4 [page 98 of the report, the same page as the portion of Heriot’s remarks quoted above] I agree with Commissioner Gaziano that Title VI simply does not permit the Department of Education to proceed against schools on a disparate impact theory and that the Department’s regulation nonetheless adopting that theory, 34 CFR sec. 100.3, is therefore unauthorized by law.  It requires actual discrimination.  See Section 601 (Title VI) of the Civil Rights Act of 1964, 42 USC sec. 2000d (No person shall “on the ground of race, color, or national origin, be excluded from participation in, be denied the benefits of, or be subjected to discrimination under any program or activity receiving Federal financial assistance”).  See also Alexander v Sandoval, 532 US 275 (2001).

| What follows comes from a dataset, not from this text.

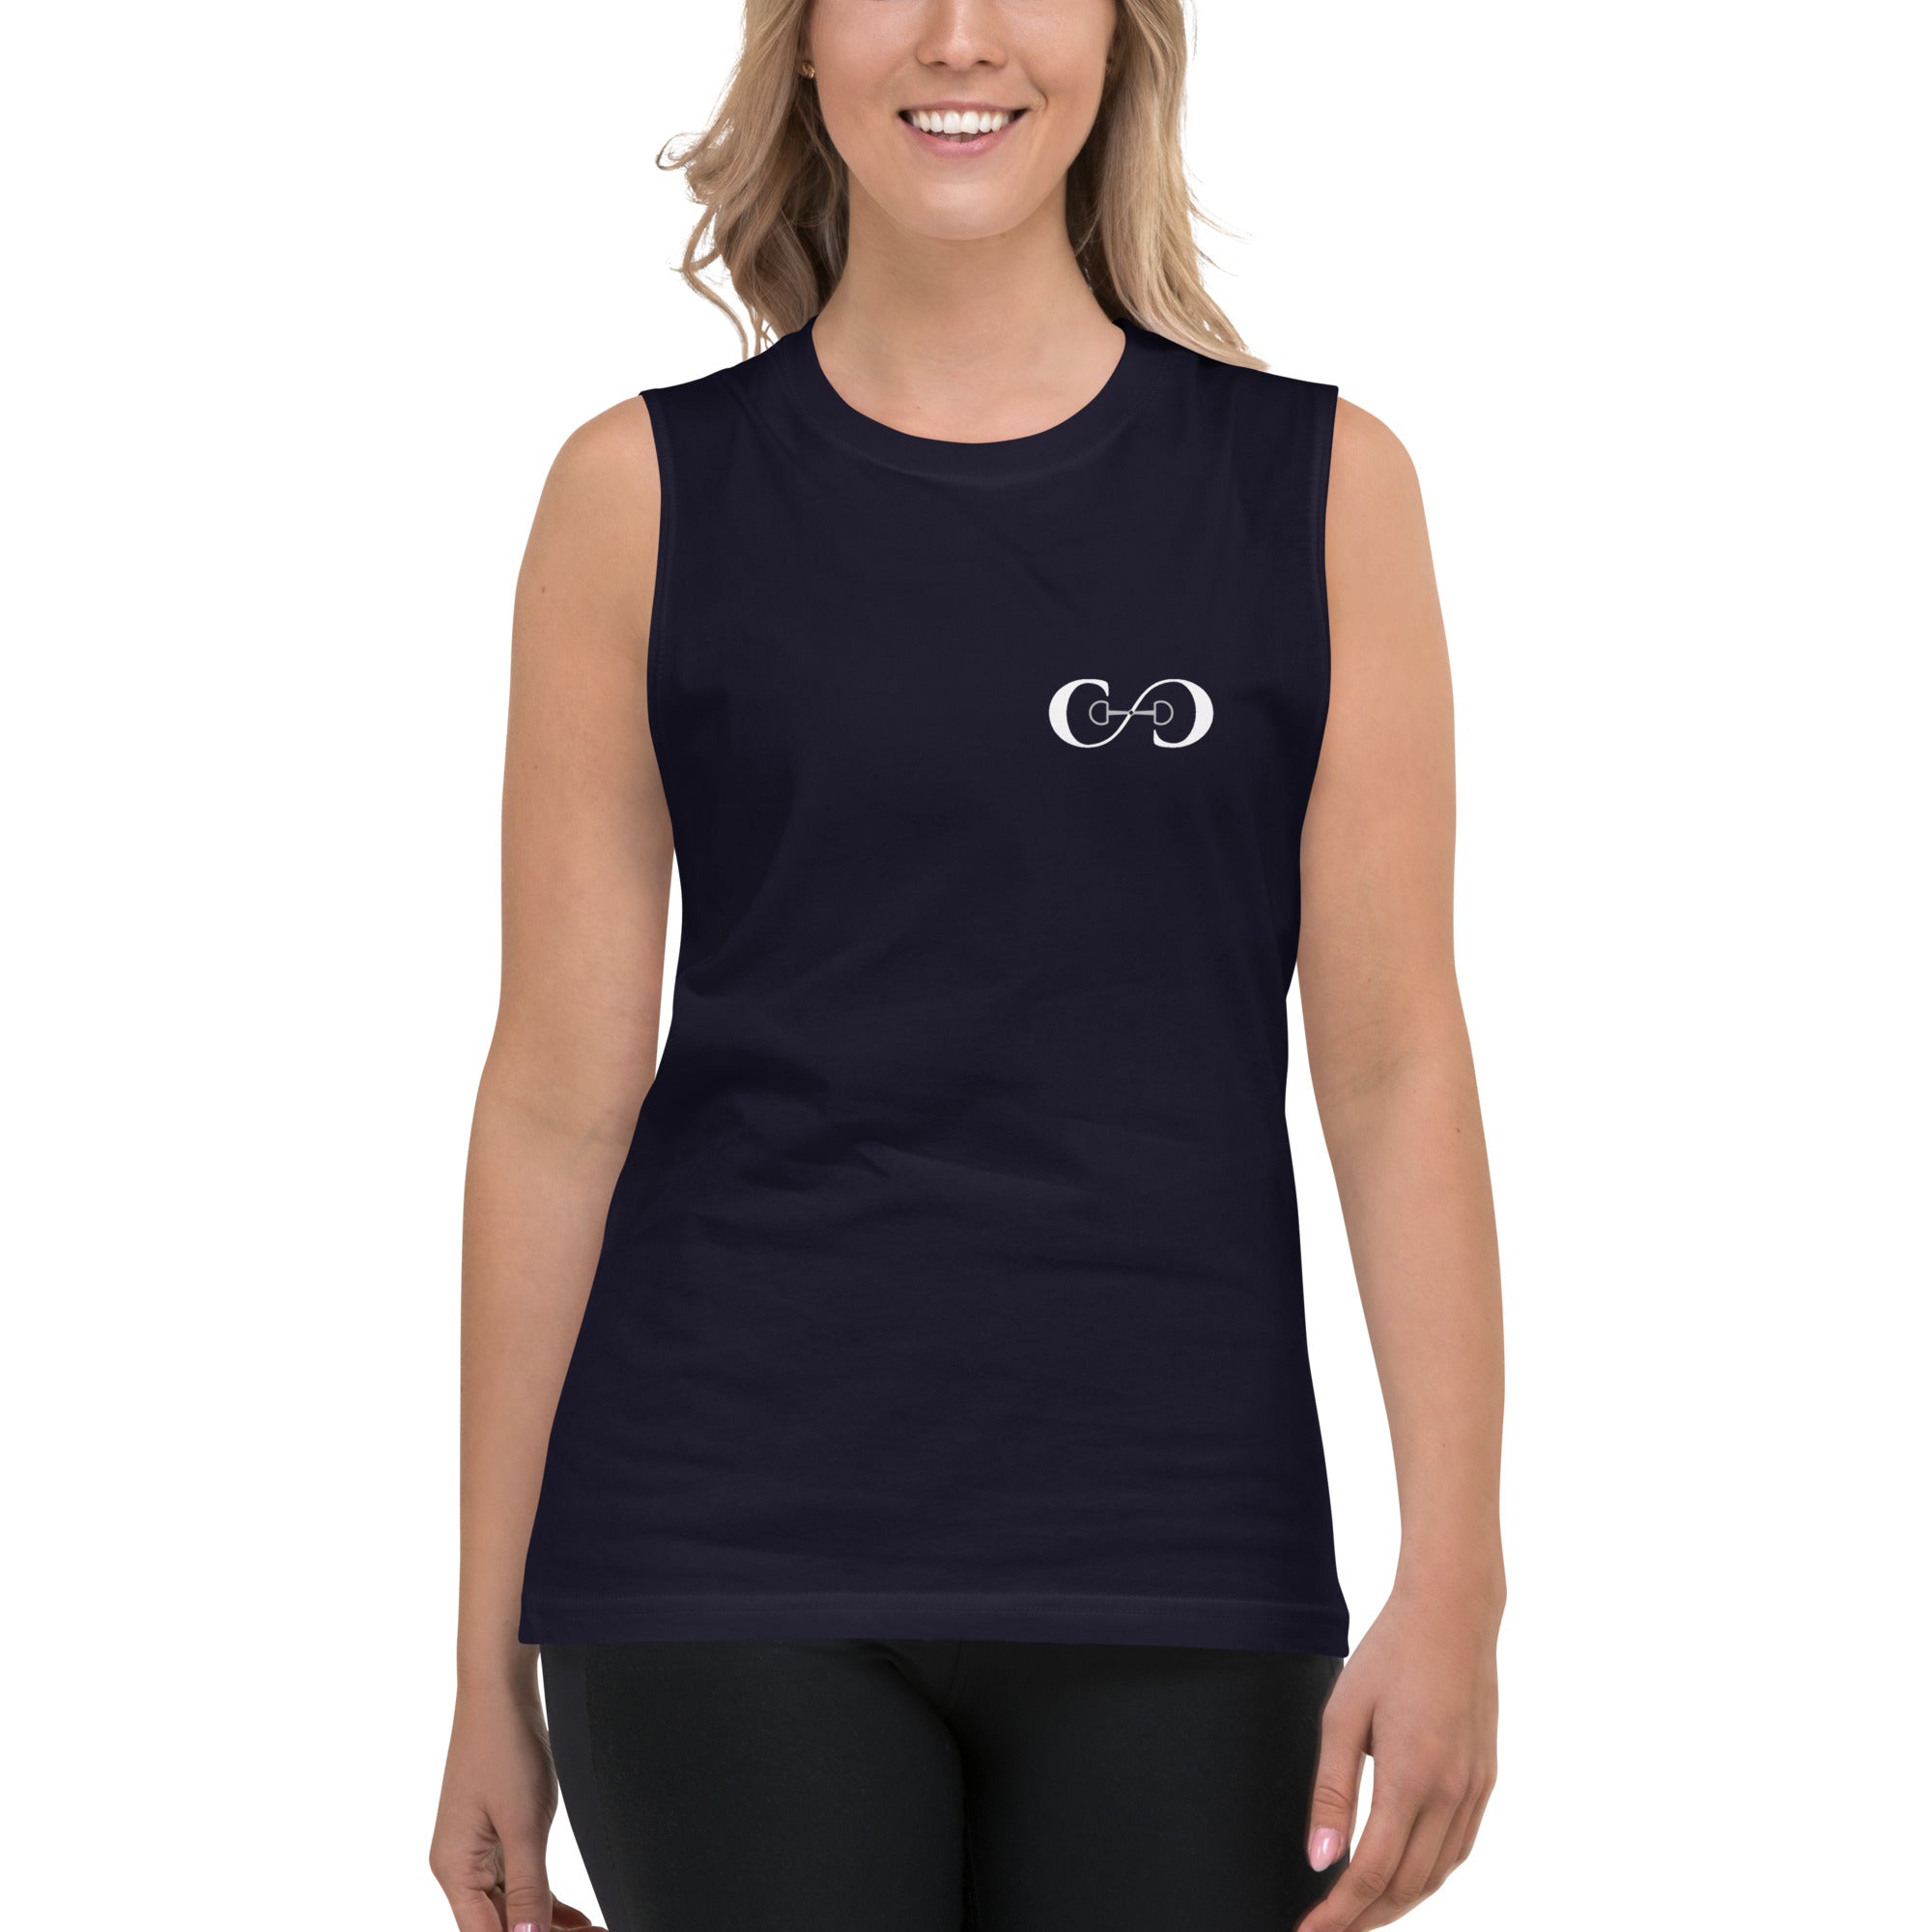 Every{Body} Muscle Tank

I also agree with Commissioner Gaziano that the problem with disparate impact analysis is not simply that it goes beyond what Congress authorized in Title VI; it actually contradicts Title VI.  If one group receives more school discipline than another because (for whatever reason) its members violated more school rules than the other, race-conscious efforts to alter the “disparate impact” are usually themselves discriminatory.

Sadly, this phase, in addition to denying minority students access to their education, is also another example of the unconscious racism of the Left.

Union…Hubris

Neal Erickson, was convicted last spring of the repeated rape of a young boy from 2006-2009.  He was, at the time of his crime, a teacher at Rose City Middle School in Rose City, MI.

Erickson’s fellow teachers and his/their union, the Michigan Education Association, think that’s no big deal: they argued for leniency at the time of last spring’s sentencing, and now they’re looking for severance pay–$10,000—for Erickson.  Fellow teacher Sally Campbell wrote a letter to the presiding judge:

Neal made a mistake.  He allowed a mutual friendship to develop into much more.

Much more.  Yeah.  For three years, Neal made his “mistake.”  Hey-ho, nothing serious though, nothing to see here, says the union.  Even the district’s school board condones Erickson’s behavior; that body has refused to take any action against the teachers who rallied to Erickson’s excusal—not even public condemnation of their behavior.

When it became clear that the other teachers in the school were actively supporting Erickson, downplaying his rape behavior, and that the school board was refusing to do anything on its own, parents started taking their children out of the school.  Enrollment is down some 87%.

West Branch-Rose City School Superintendent Daniel Cwayna is all wide-eyed innocence:

I can’t speculate as to why the students have left, but there were certainly parents who vocalized that they were pulling their children out of school because of the teacher’s support[.]